Expect a court challenge to the EPA’s so-called greenhouse gas “tailoring” rule, which seeks to limit regulation to stationary sources that emit 25,000 tons of emissions. According to the EPA, that limit covers about 70% of U.S. carbon emissions, and that’s all well and good. However, the Clean Air Act does not give EPA the discretion to pick and chose emission sources to regulate. The EPA’s tailoring rule, which addresses stationary sources, is expected to be finalized in the spring.

Congress Abdicates Its Responsibilities

The second, and perhaps more troubling result of the EPA rulemaking is that Congress is willing to abdicate its authority for developing carbon control regulations to an agency that doesn’t answer to the voters.

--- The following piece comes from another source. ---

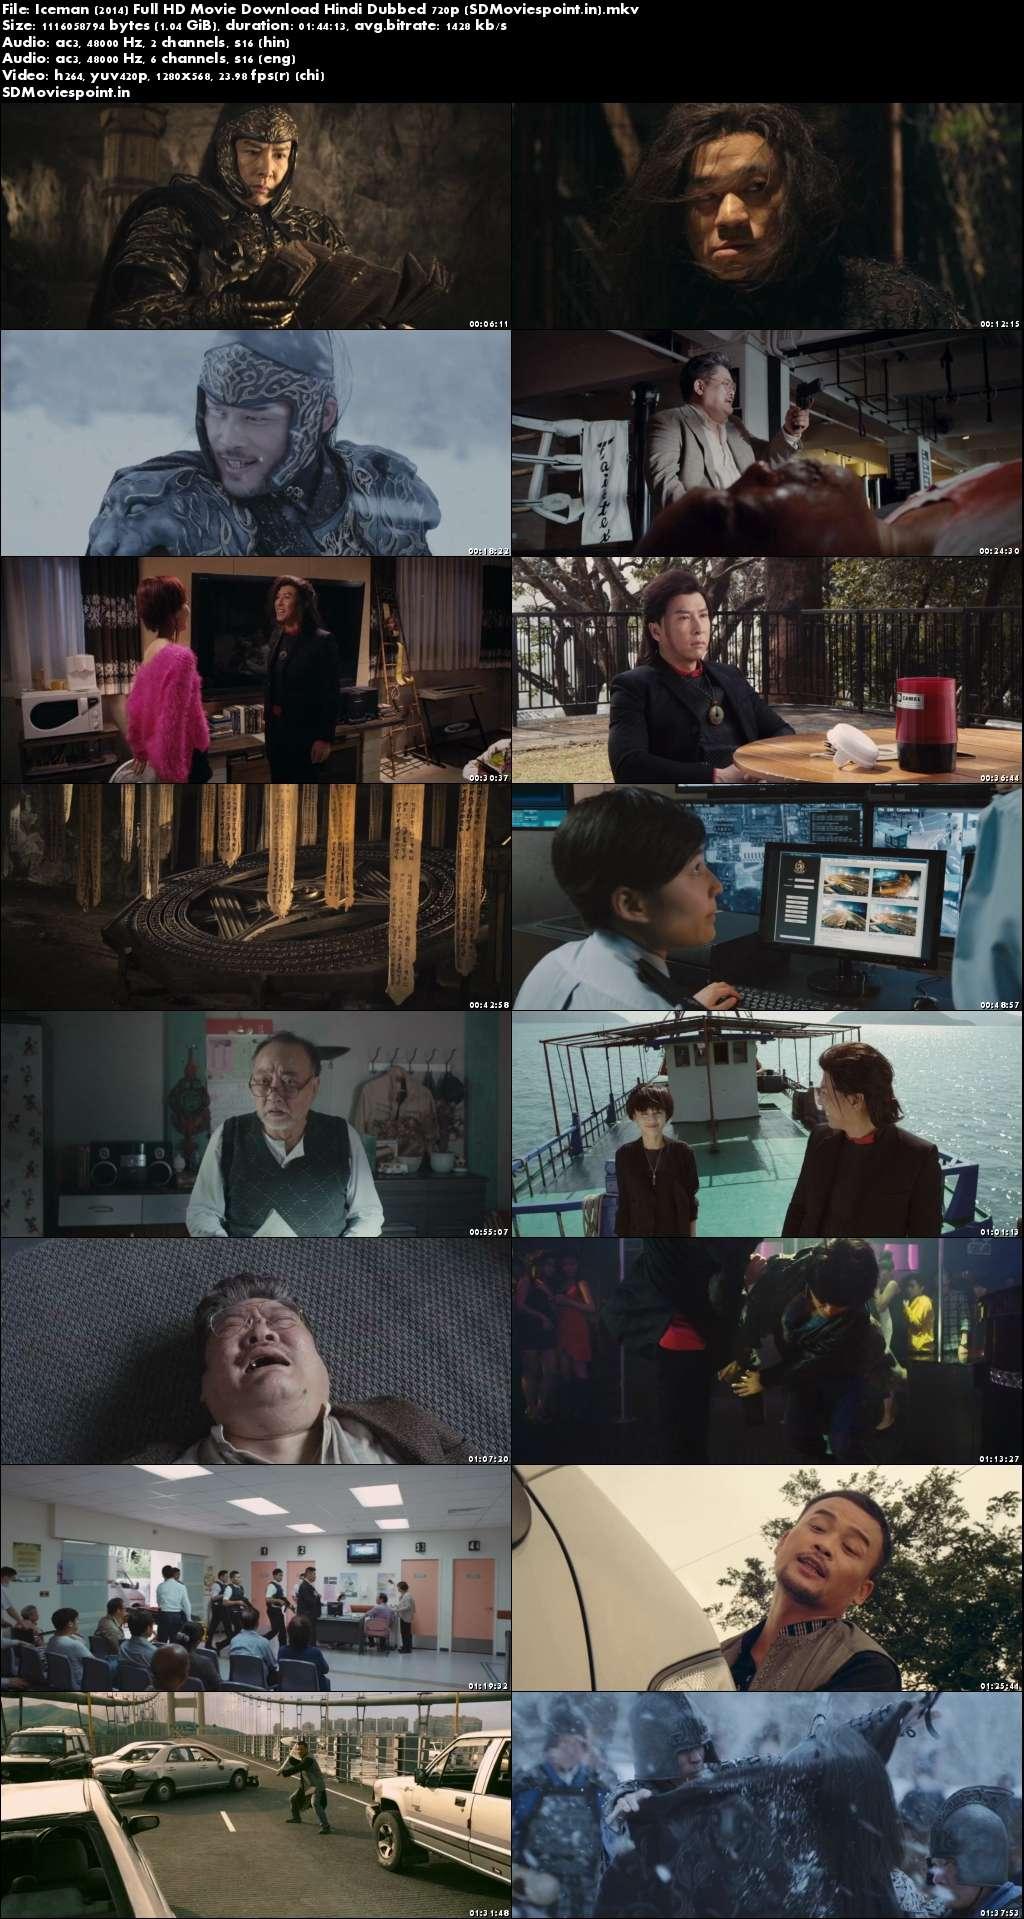 Screen Shot Iceman (2014) Full HD Movie Download Hindi Dubbed 720p

Senator Lisa Murkowski (R-Alaska), senior Republican on the Senate Energy and Natural Resources Committee, is also troubled by the recent actions of the agency and introduced a joint resolution on the Senate floor (S.J. RES.26) “disapproving a rule submitted by the Environmental Protection Agency relating to the endangerment finding.” The resolution has 40 cosponsors and was referred to the Committee on Environment and Public Works on January 21. Murkowski’s resolution, if approved by both houses and the president, would overturn the federal agency’s carbon rules. The EPA would also be prohibited from issuing “substantially the same” regulations unless Congress enacts legislation authorizing it to do so.

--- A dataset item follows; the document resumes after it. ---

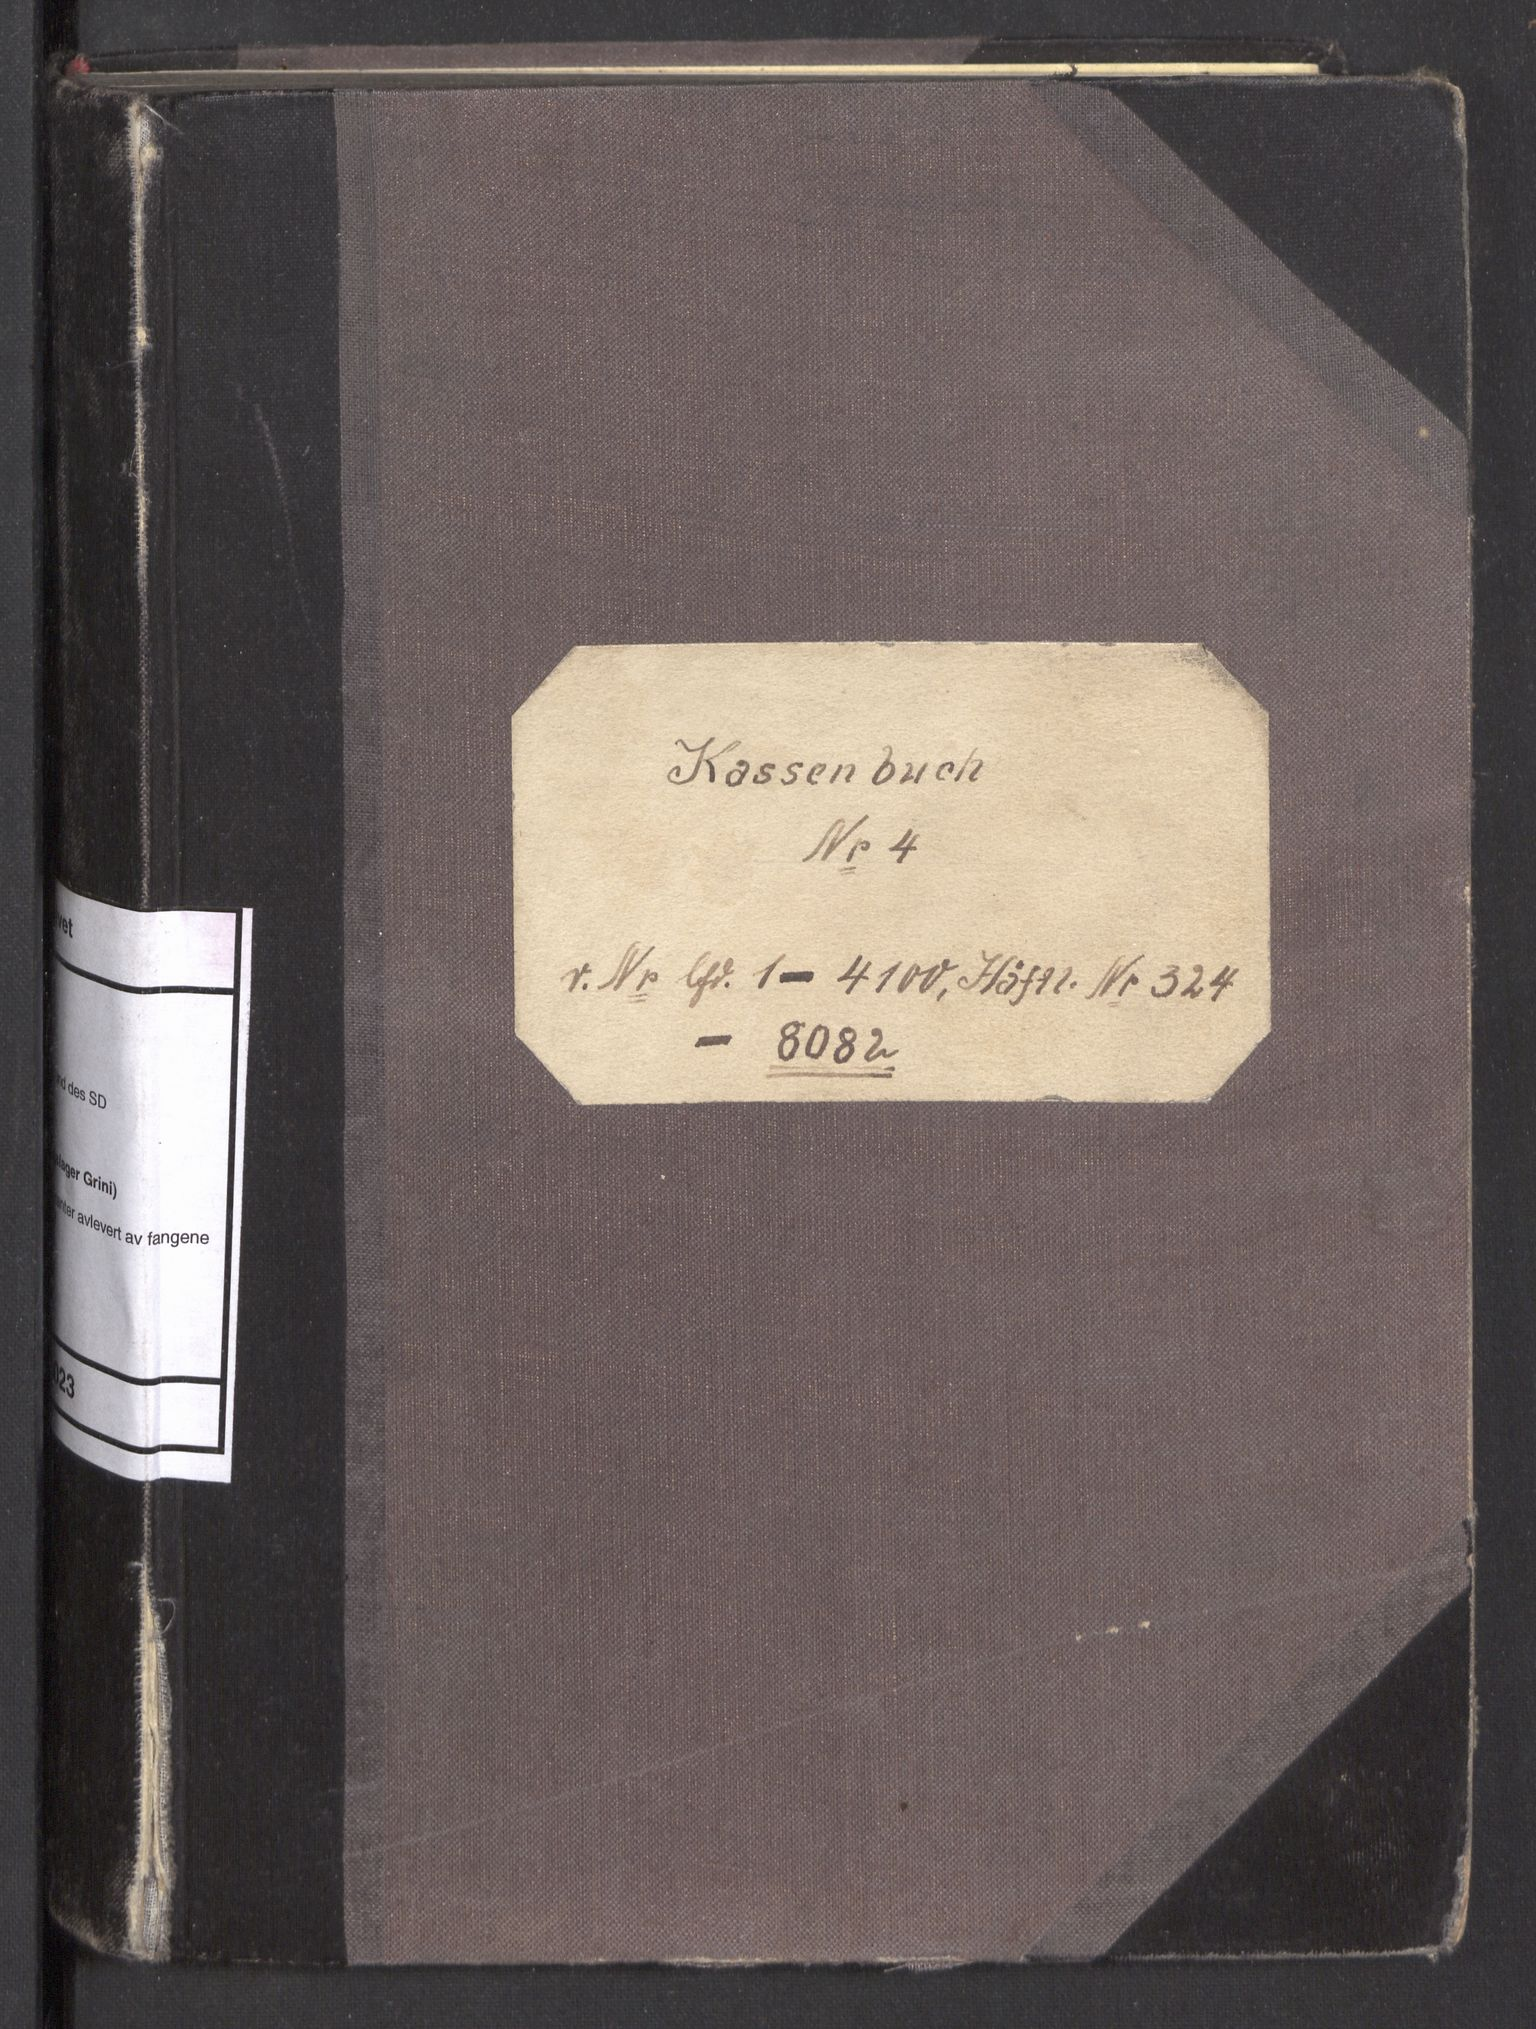 RA, Befehlshaber der Sicherheitspolizei und des SD, F/Fa/Faa/L0023: Kassenbuch nr. 4. Oversikt over kontanter avlevert av fangene  Fangenr. 1-4100. Häftl. Nr. 324-8082, 1941-1943

To be sure, the chances that the Senate will approve the resolution and President Obama will sign it are close to nil. Yet, there is method to the madness. Bringing the resolution to the floor of the Senate for a vote forces each senator to go on record on the subject of carbon controls. Obviously, the Republican minority (now 40 votes with the recent election of Scott Brown in Massachusetts) will vote as a block to approve the resolution, but it also places moderate Democrats in a bind, especially those who represent coal-producing or coal-electricity-using states and are facing tough reelection campaigns in the fall. Because the resolution is “privileged” under Senate rules, Murkowski’s resolution requires only 51 votes. Are there another eight or nine Senate votes possible from Democratic senators up for reelection?

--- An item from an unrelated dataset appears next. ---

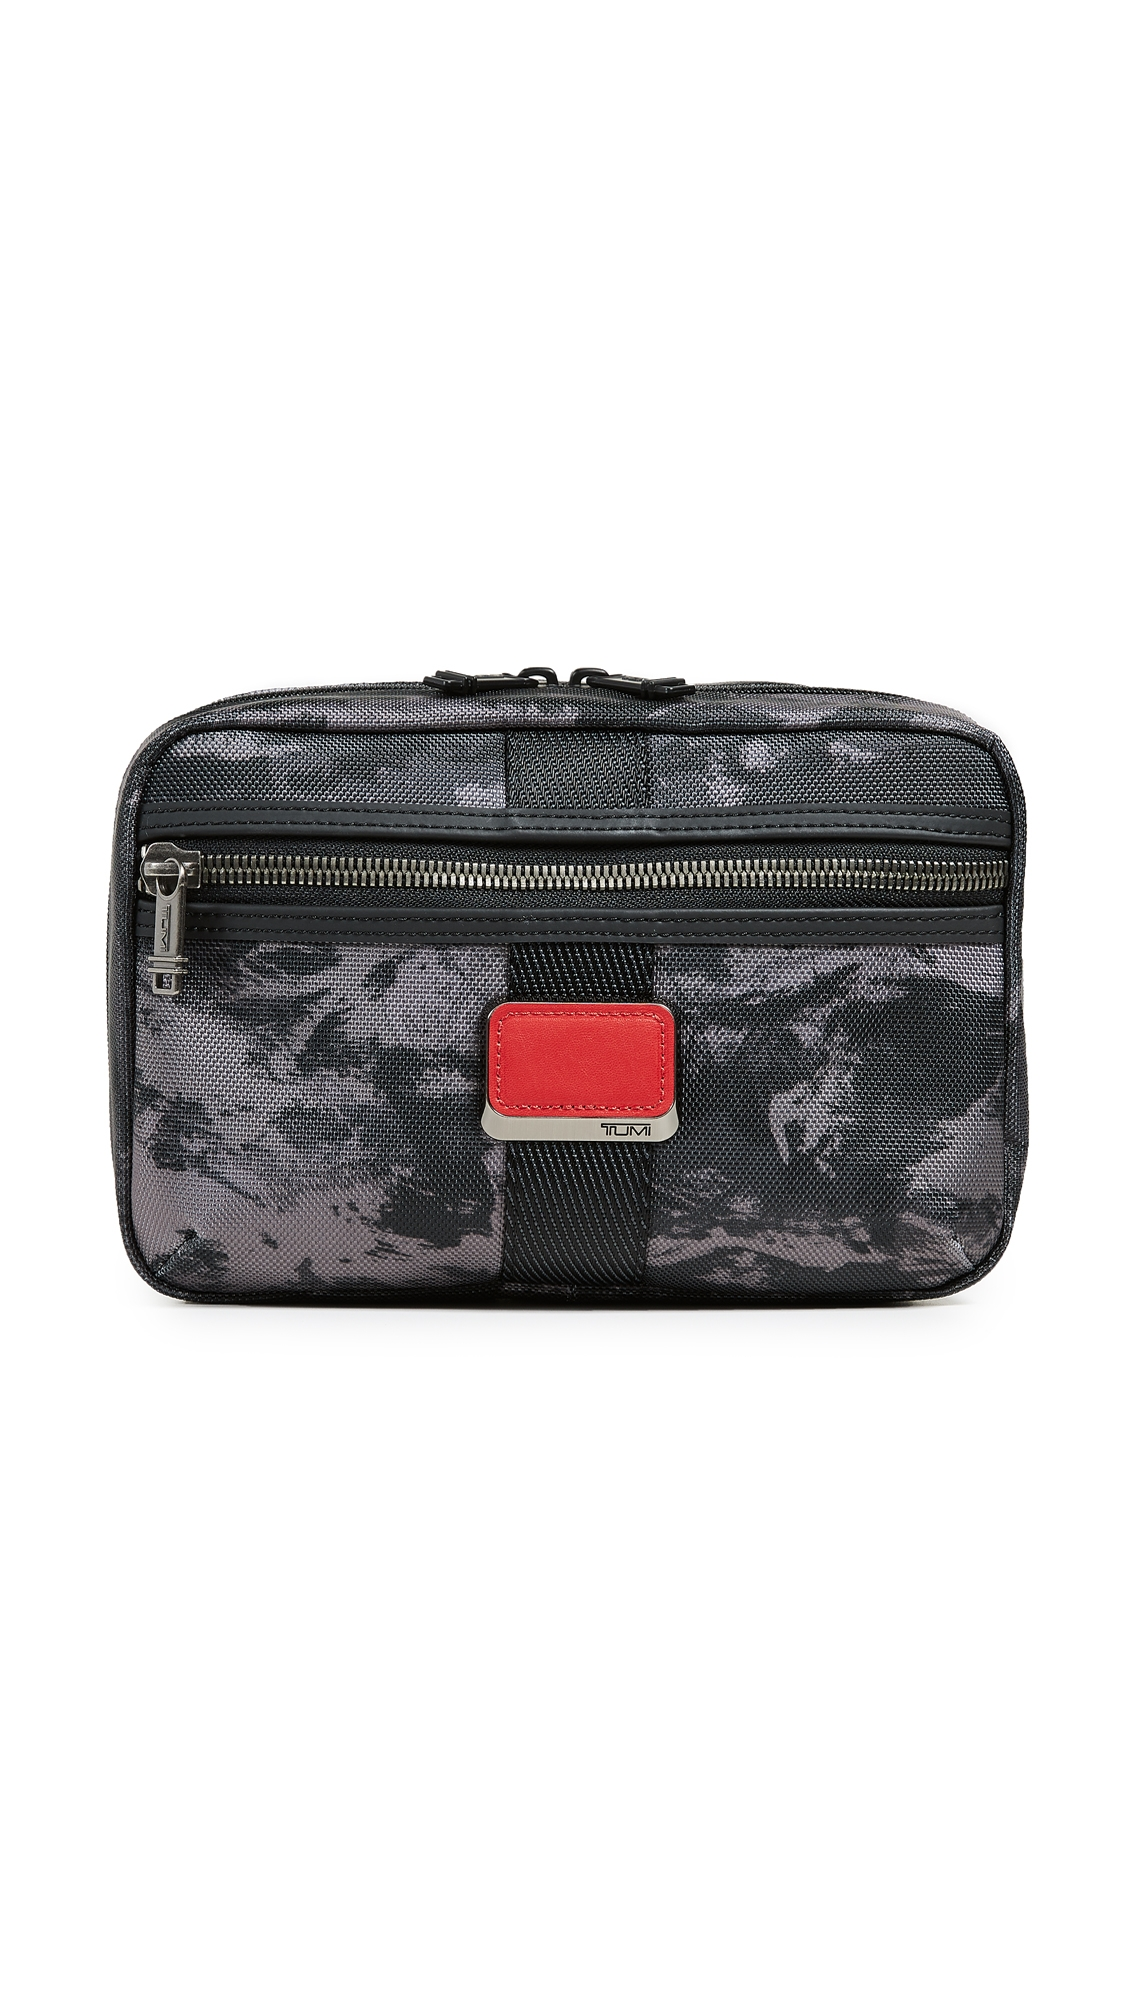 Alpha Bravo Reno Travel Kit Travel kits, Tumi, Travel

Murkowski, during her floor speech introducing the resolution, said that Congress never intended to use the Clean Air Act to address global warming. Rather, climate change is such a contentious issue that it must be addressed through legislation rather than with EPA “command-and-control” regulation. “As the EPA moves closer and closer to issuing those regulations, I continue to believe that this command-and-control approach is our worst option for reducing the emissions blamed for climate change,” she said. “I also believe that with so much at stake, Congress must be given the time to develop an appropriate and more responsible solution.”

Poor Track Record

The EPA’s air emissions rule track record over the past decade is abysmal, and I expect the rule to crumble under the most cursory judicial review. The Clean Air Interstate Rule, issued in March 2005, was remanded by the D.C. Circuit Court in July 2008 (although left in place until the EPA could finalized a replacement rule). The EPA told the court that a new rule would take about two years to prepare. The Clean Air Mercury Rule, also issued in March 2005, was vacated by the same court in February 2008. The EPA has stated that a new rule will be issued by November 16, 2011. In sum, regulating NOx, SO2, and mercury emissions that have direct and definable health effects has taken the EPA a decade to get right (from the beginning of the technical analysis period through the final rulemaking).

Let’s sum up: The EPA continues to commit the same rulemaking mistakes with its recent carbon rules—based on poor science, undefined health effects, and illegal “tailoring”—as it has with CAIR and CAMR, and Congress is unable to reach a consensus on regulating carbon (and is not likely to this election year). That’s no change I can live with.

—Dr. Robert Peltier, PE is COAL POWER’s editor-in-chief.